# Gravely 50" Mower, Drive Train Question



## KevinK2 (Aug 19, 2013)

I sense that this site is really for *Tractor* based mowers, but I'll give it a try. Buddy has a ~1990 Gravely Pro, 50" Mower with 18hp Kohler. From the rear you can see the transmission, with an output sprocket for primary #40 1/2"p chain drive. 

Model -- 49001
S/N ---- 635073

The problem is all Gravely old parts diagrams confirm the drive should use a #40 chain. But the chain measures at 5/8" pitch, and is severely worn, with idler adjusted to the max, and chain still a very loose fit.

Is it possible this unit could be a HD version with a 5/8" chain, oem from Gravely? Called Gravely and they thought it was an owner modification, but the pinion sprocket has a splined bore, which is a bit tricky to redo in a different (5/8") pitch.
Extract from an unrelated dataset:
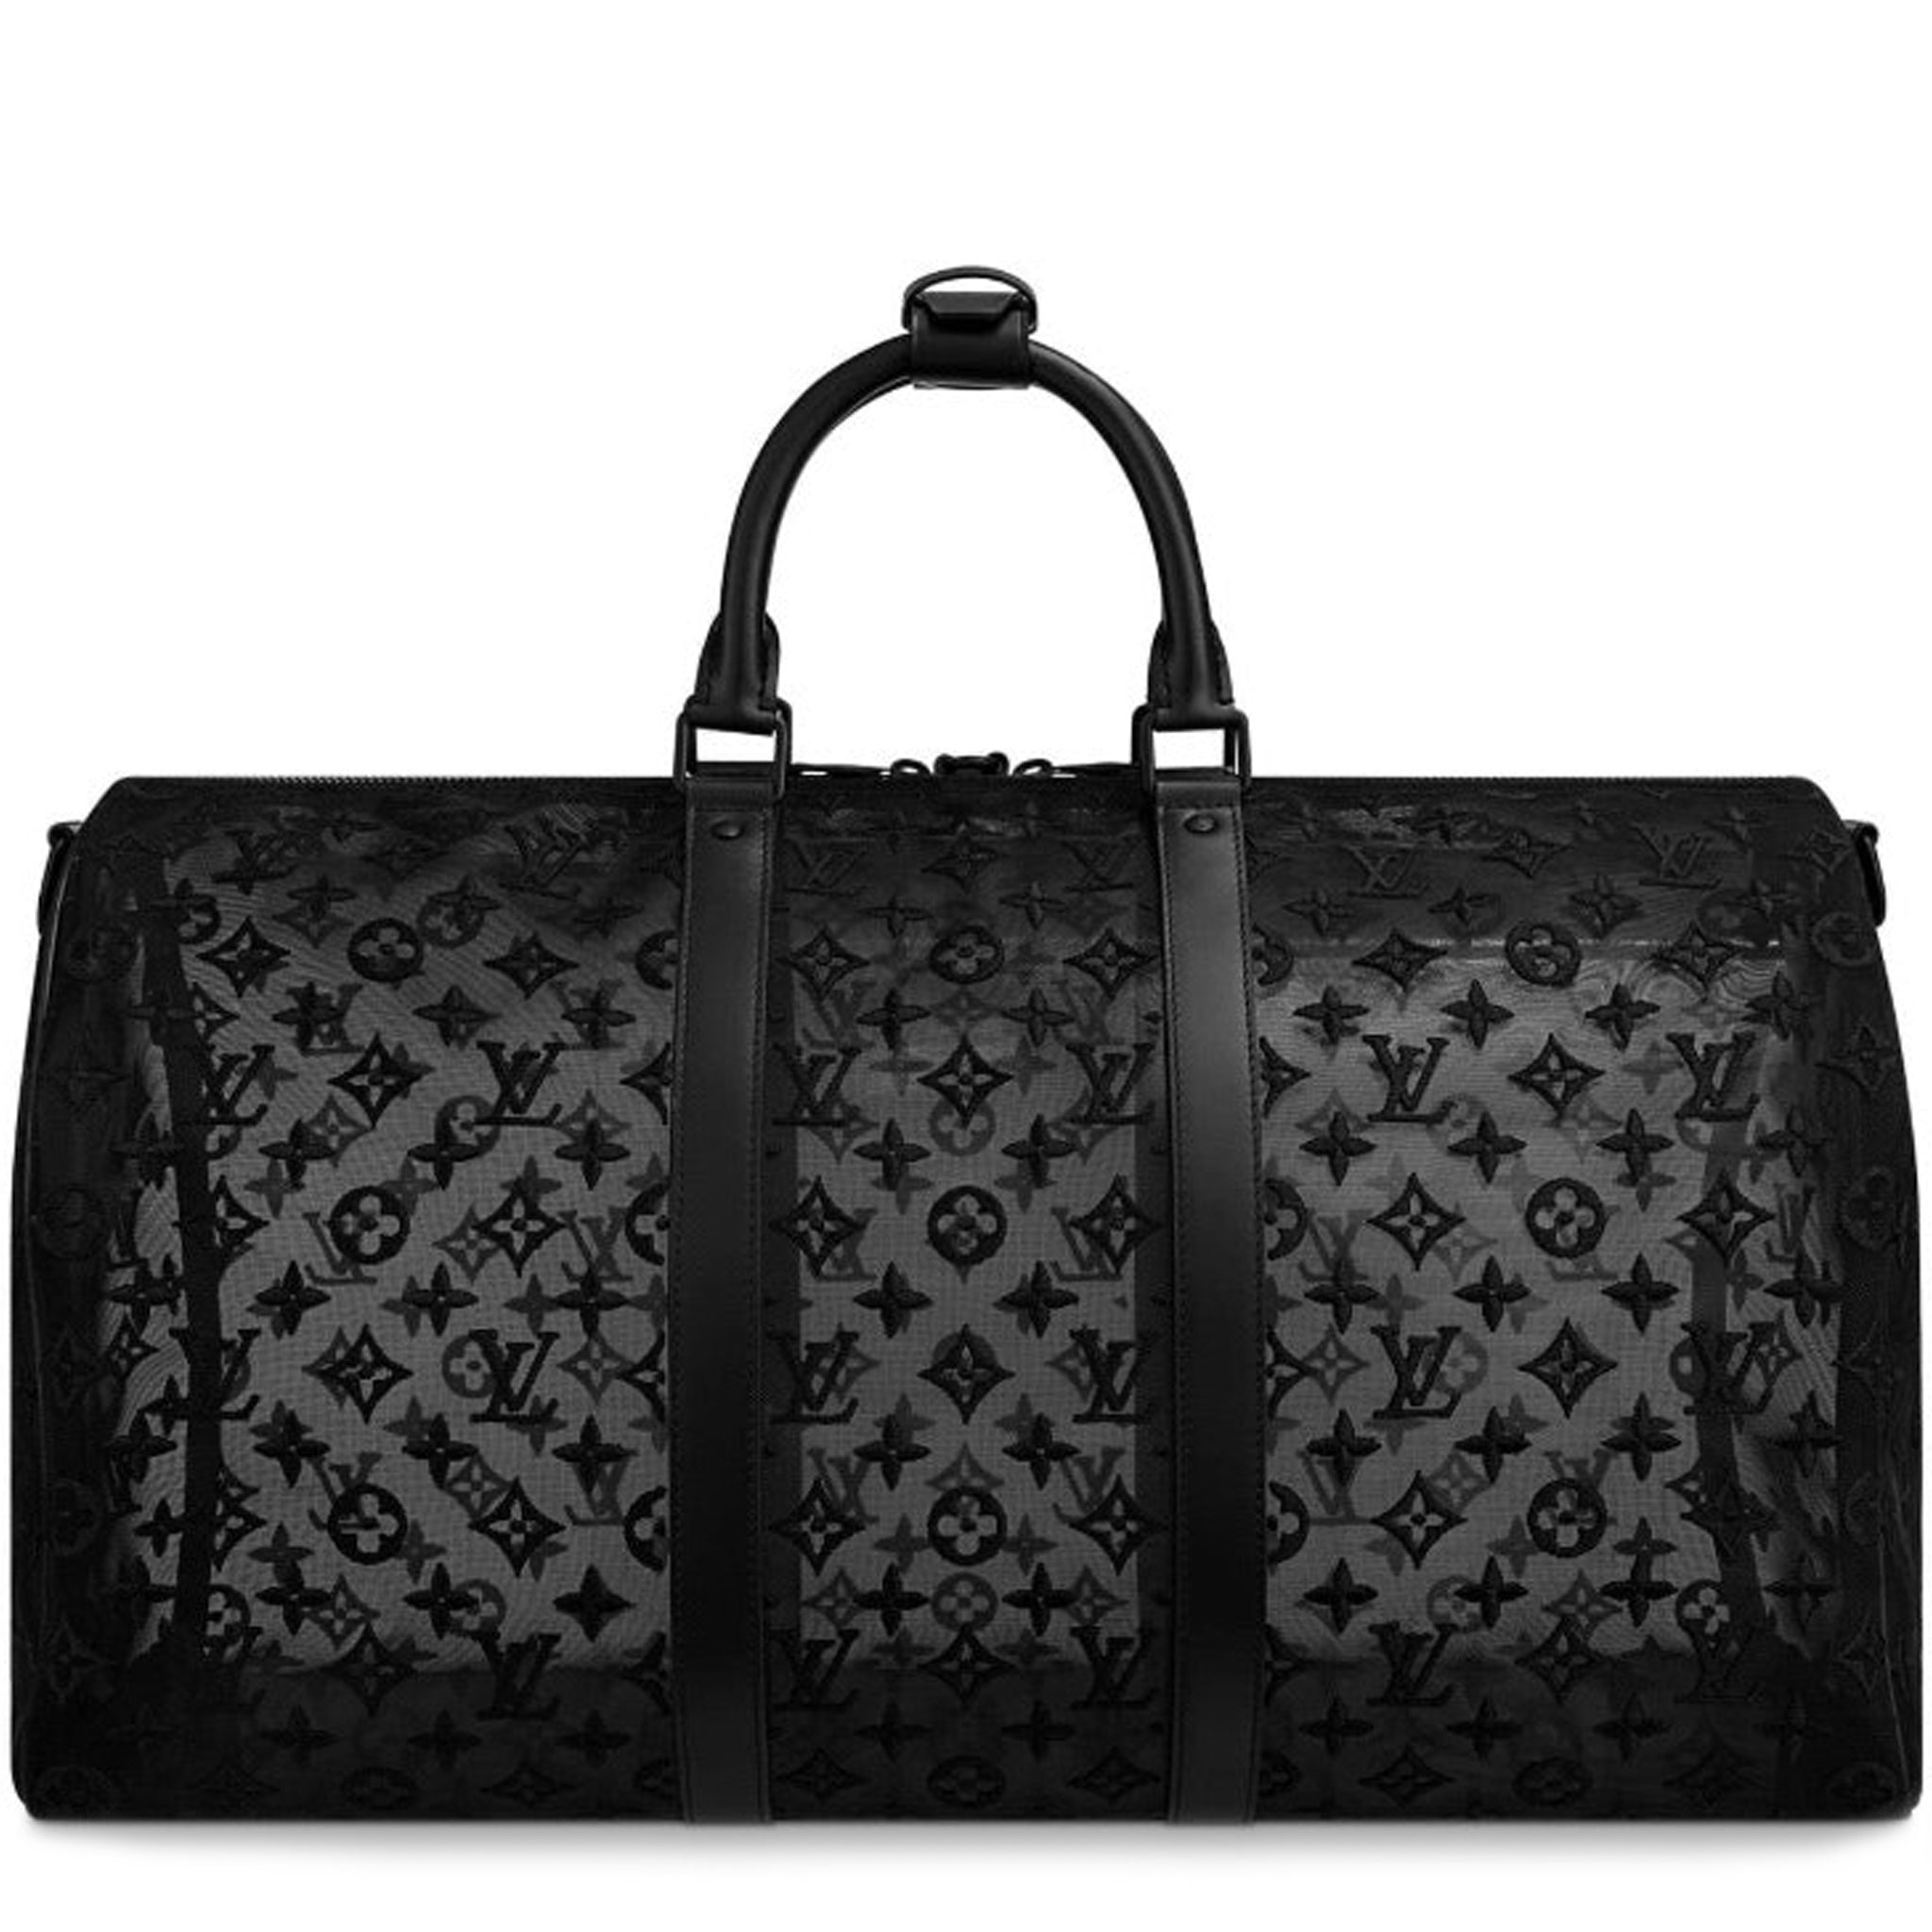 Louis Vuitton Black/White Leather and Mesh Laureate Platform

Did this model ever come with a 5/8" chain?

Thanks for any input,

Kevin Kelleher


----------



## GrassSlave (Sep 8, 2016)

*Gravely 49001*

I also have a Gravely 49001 w/ 18 hp Kohler
but w/ a 60" deck
Do you know the name of this model Pro 300? Pro 200? Other?
I have not needed many parts but springs, belts, pulleys are normal wear items
Do you have a good parts source?

Thank you
Joe


----------



## jhngardner367 (Apr 5, 2011)

Actually Tractor Supply Company has sprockets that are splined bore,and Grainger Supply Company also lists them,in different pitches,as well.


----------